Молодой смуглый брюнет обнимает женщину и что-то шепчет ей на ухо. Ее лица не видно – только растрепанные светлые волосы (скорее всего, крашеные), в которые то и дело ныряет мужская пятерня. Ты не можешь сказать, почему, но поза женщины кажется исполненной беззвучного отчаяния, а объятия не выглядят объятиями любви. Так утешают человека, попавшего в беду, которую неясно, как пережить, и которой уже не удалось избежать.
Если не считать движений руки, все четверо абсолютно неподвижны – по крайней мере, пока ты проходишь мимо, заглядывая в окно.
Что значит эта сцена? Кем приходятся друг другу трое ночных посетителей? Возможно, мужчина в очках чем-то обидел женщину, и теперь брюнет успокаивает ее. А возможно, это парочка поссорившихся и помирившихся влюбленных – и свидетель их ссоры, такой же случайный, как ты сам. А может, это любовный треугольник, крепко спаянный ревностью, страхом, страстью? И какова роль бармена в этом спектакле: безмолвный наблюдатель, участник, судья?
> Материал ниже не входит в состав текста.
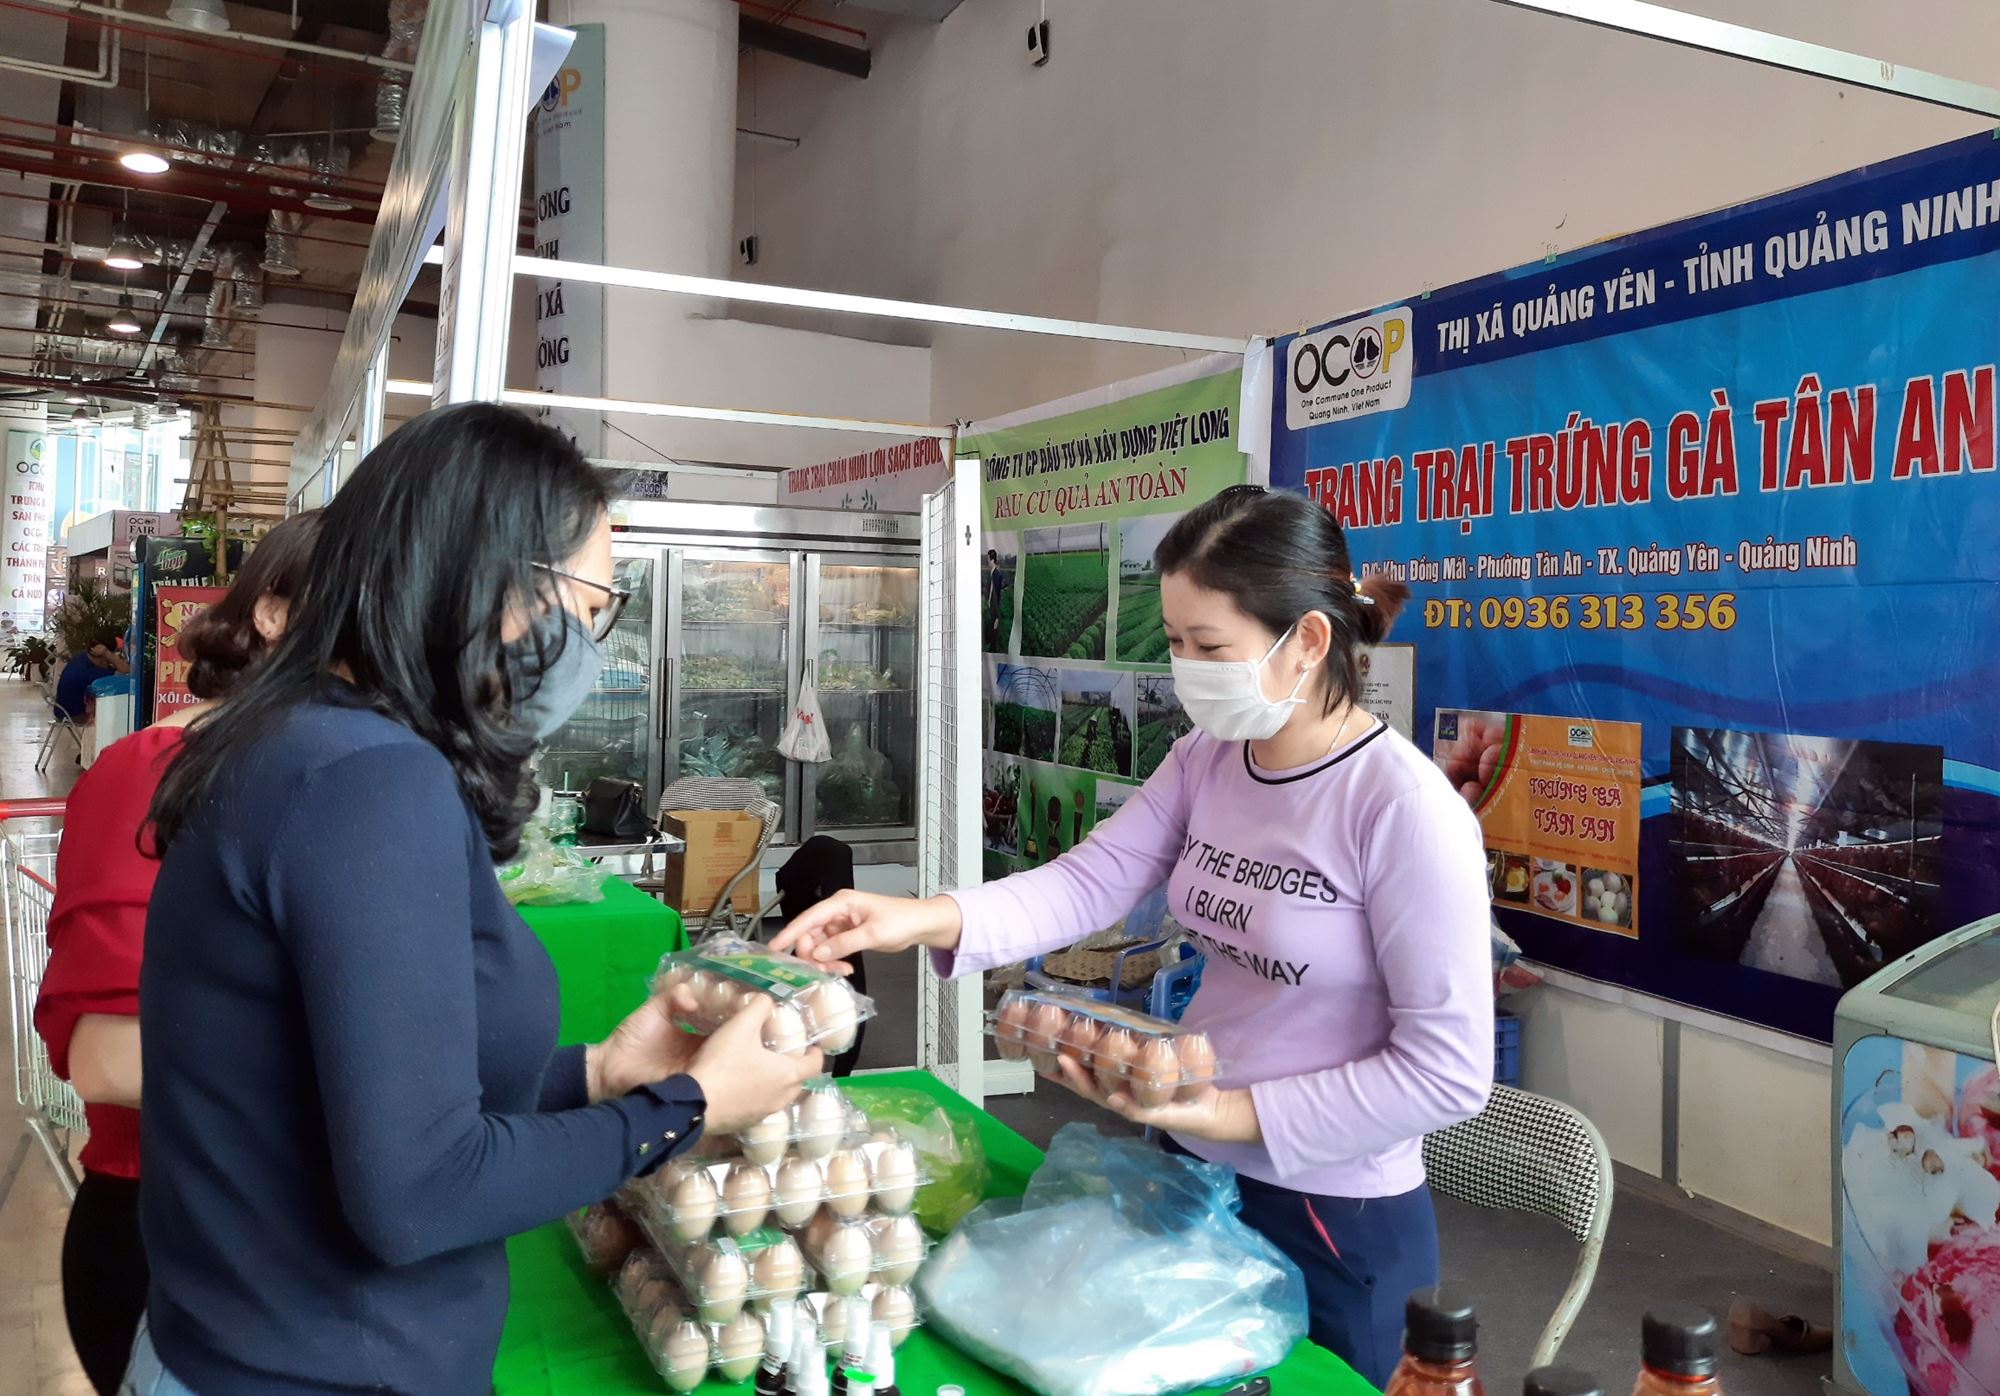 Trứng gà Tân An bày bán tại Hội chợ OCOP-2020 thu hut đông người mua. 
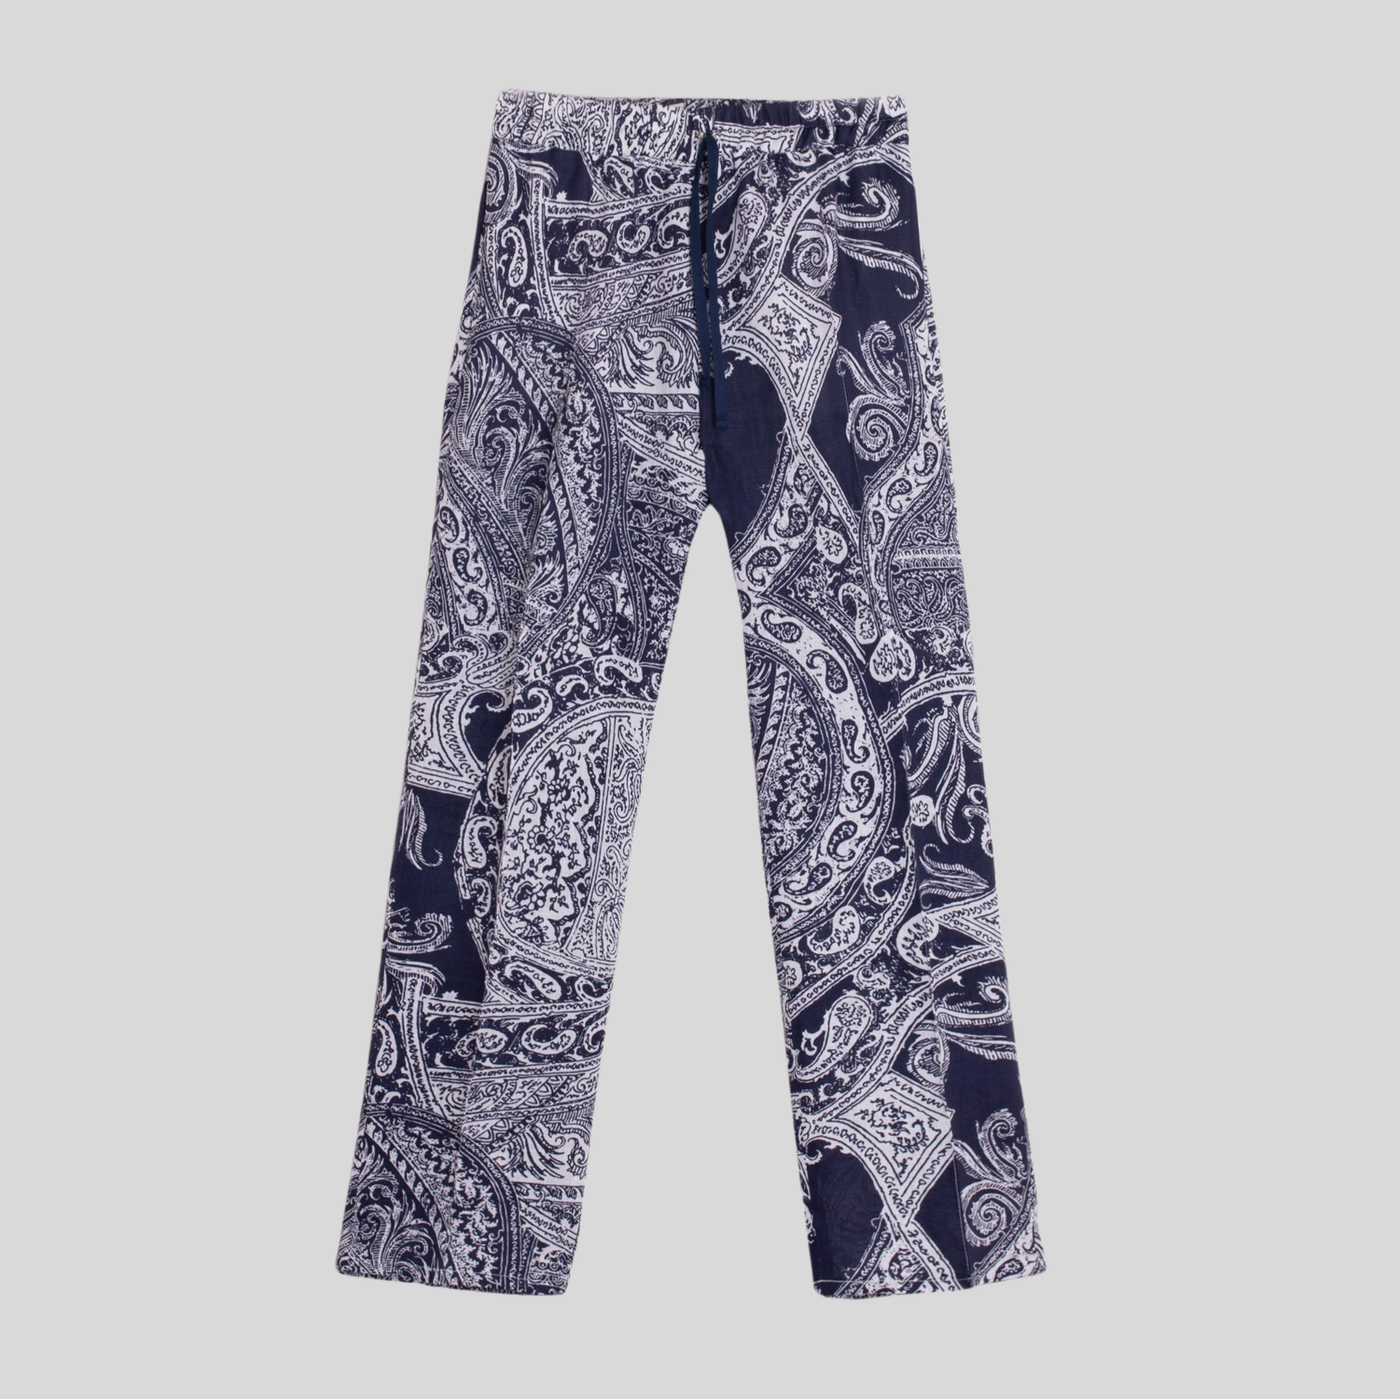 Gotstyle Fashion - Vilagallo Pants Paisley Print Linen Pants - Navy

У тебя всего полминуты, чтобы разглядеть детали, – не будешь же ты торчать у окна всю ночь? – и вот ты уже миновал полночный бар. Напоследок ты успеваешь заметить яркую вспышку на экране телевизора и знакомый логотип MTV.
Я впервые попал в Европу вскоре после того, как мы расстались с женой. Я едва выкарабкался тогда из серьезной болезни, говорить о которой сейчас неохота, скажу только, что наш жалкий и утомительный развод сильно меня подкосил. Короче, я чувствовал крутой облом, как мы говорили в те годы.